NEW YORK -- General Motors is showing early signs of a recovery in its long-suffering European auto business, GM Europe Chairman Frederick Henderson said in an interview with the Wall Street Journal in a story published on Thursday.
"There's a view the tide is beginning to turn" in Europe for the automaker, Henderson said.
Henderson, who arrived in Europe last summer, already has led GM through a bitter conflict with German union leaders last fall over the company's decision to shed 10,000 jobs there as part of a broader elimination of 12,000 GM Europe jobs by the end of this year, the newspaper said.

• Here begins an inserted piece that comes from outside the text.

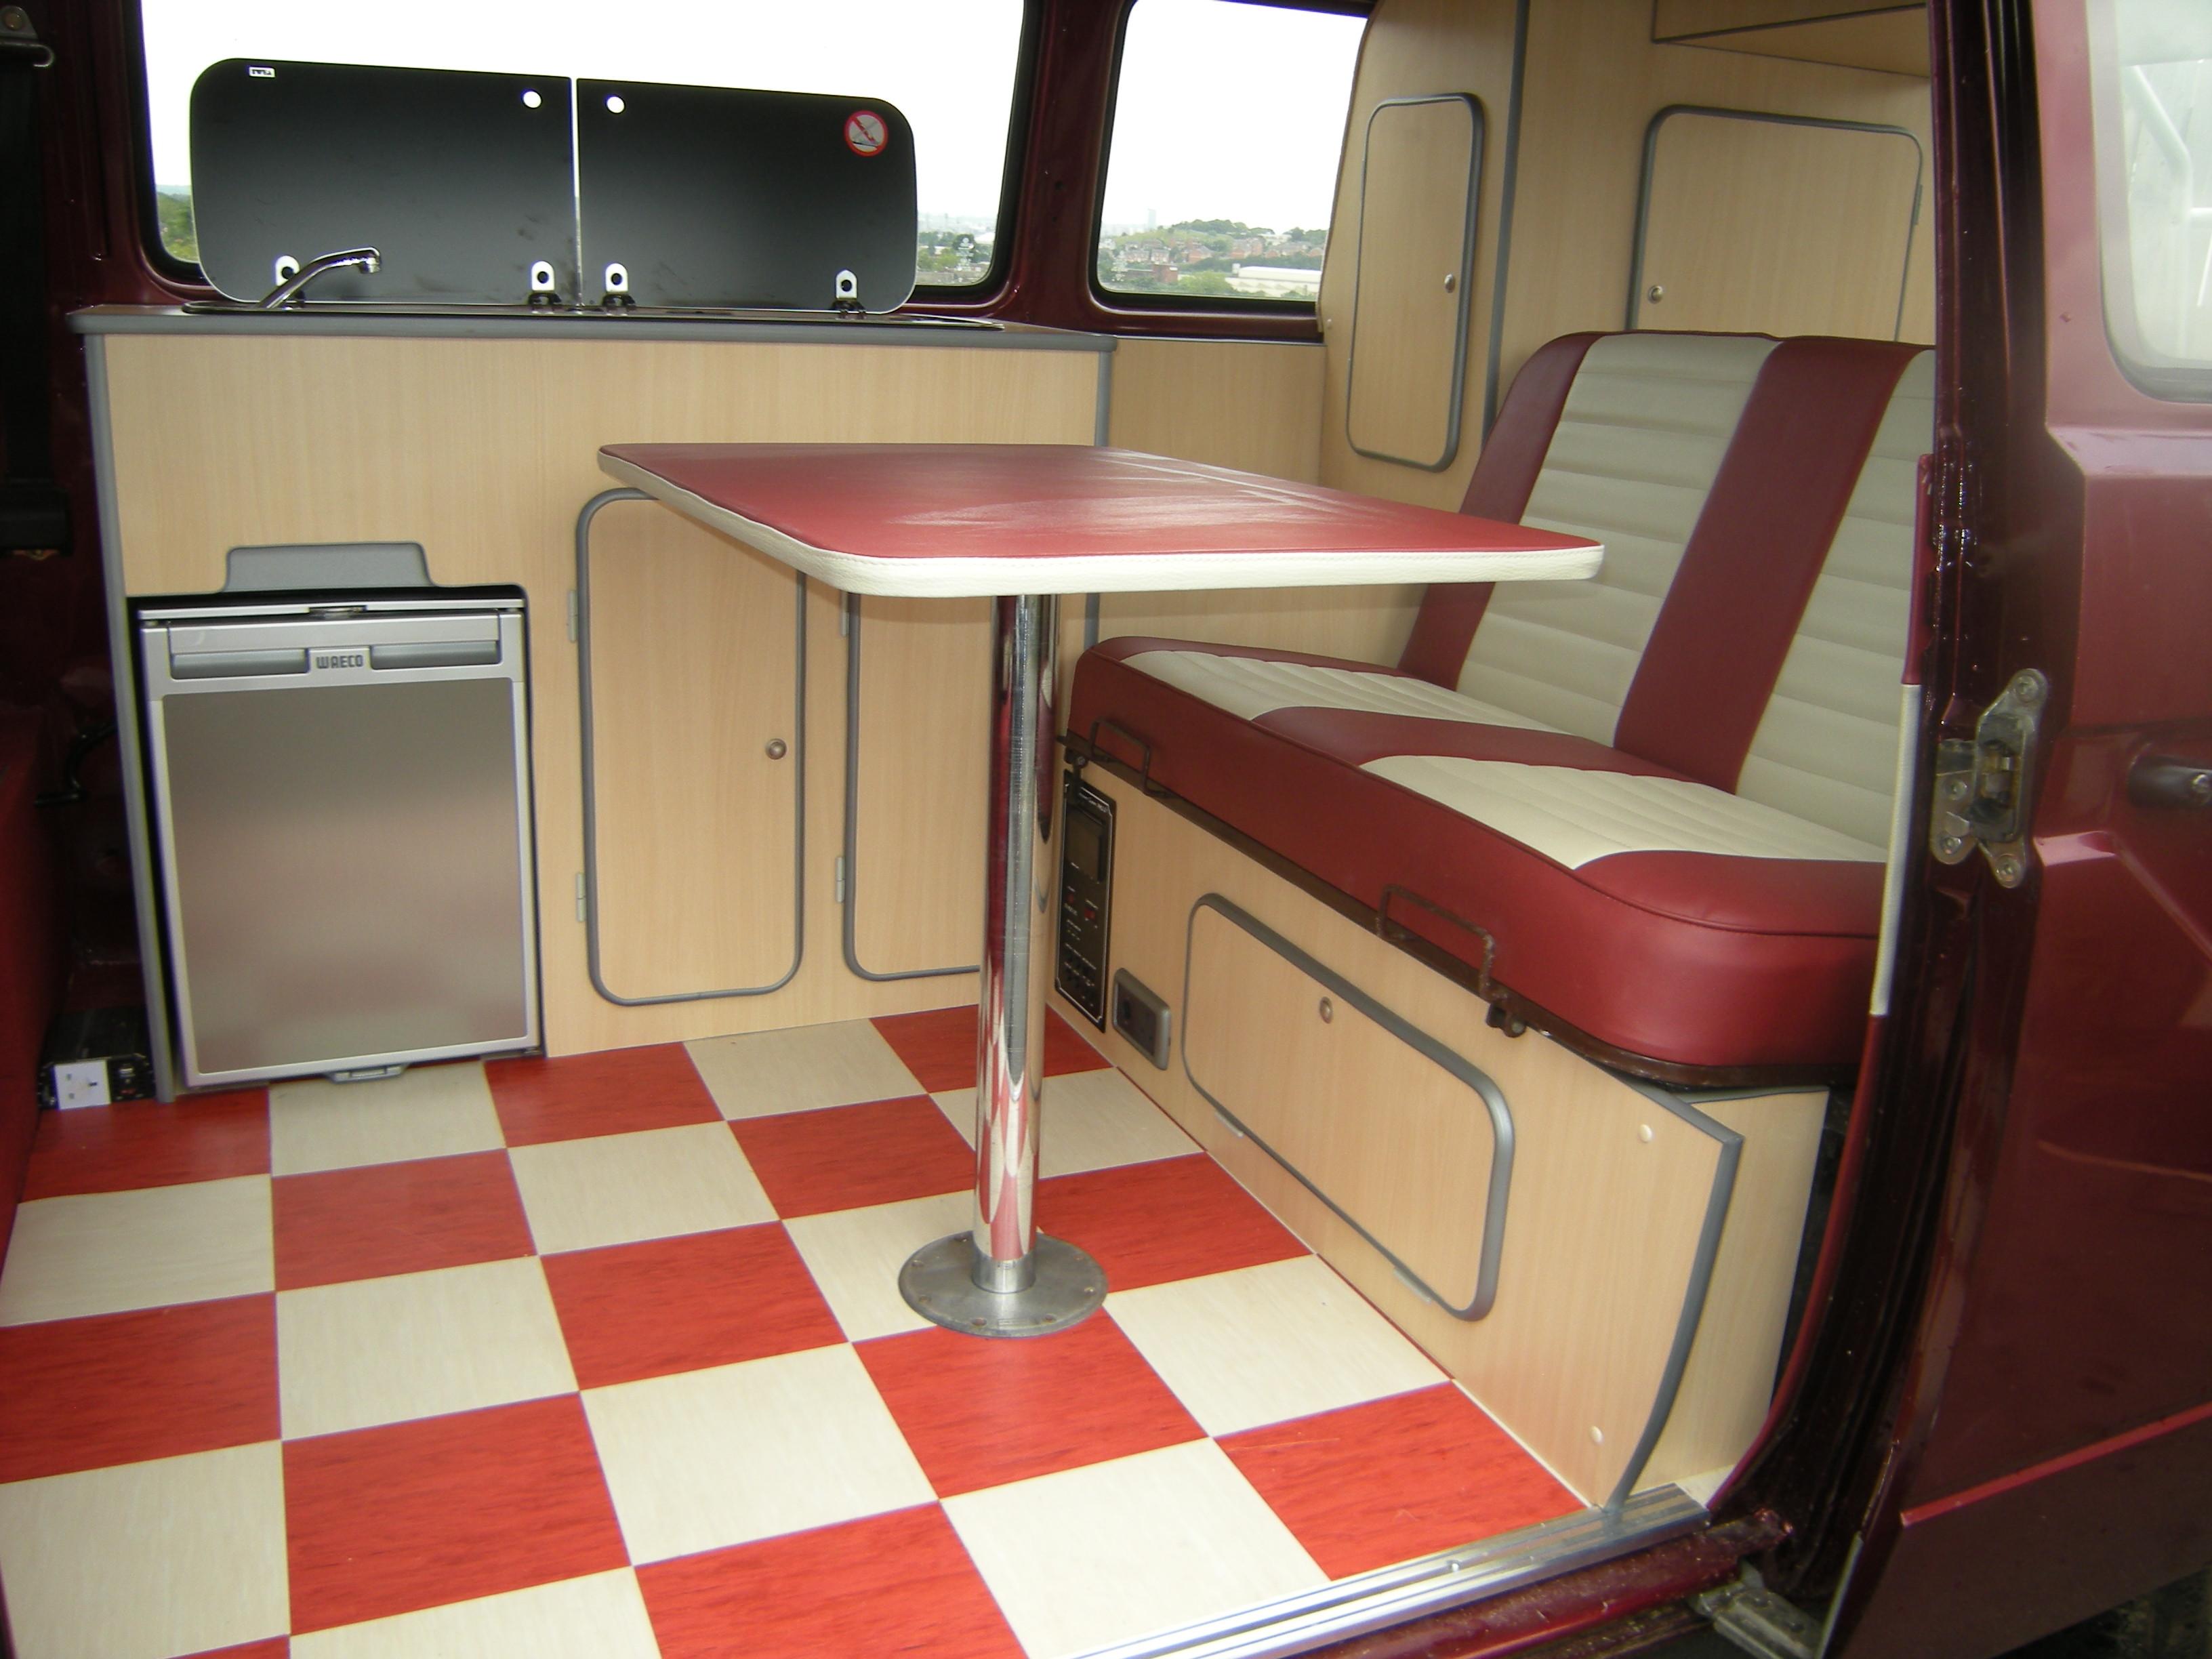 Vw camper interiors leeds yorkshire vw camper for Vw camper van interior designs

GM's European recovery is still fragile, and could stall, the Journal reported. The European Automobile Manufacturers Association released data this week showing registrations of new GM cars fell slightly faster in May -- down 1.9 percent -- than overall demand for new cars, which was down 1.7 percent.
GM says it still expects to post a loss of about $500 million in Europe this year and will not say publicly how it expects to do in 2006. A recovery at GM Europe also is no substitute for a turnaround in GM's much larger North American business, which accounts for more than half of GM's world-wide automotive vehicle sales, the newspaper said.
"We're on a positive trajectory, but not at an acceptable level," Henderson said.
But if GM can stop its losses in Europe, it would ease some of the pressure on Chairman and CEO Rick Wagoner as he undertakes an arduous restructuring of GM's North American operations -- and the risk that GM will provoke labor unrest in the United States with its demand that the United Auto Workers union accept cuts in healthcare benefits, the report said.
Some analysts speculate Henderson could return to Detroit to take a broader role under Wagoner. Others suggest Henderson could be a candidate to replace Wagoner if GM's board loses patience. Before moving to Europe, Henderson was head of GM's Asian-Pacific operations, where he presided over a period of rapid growth.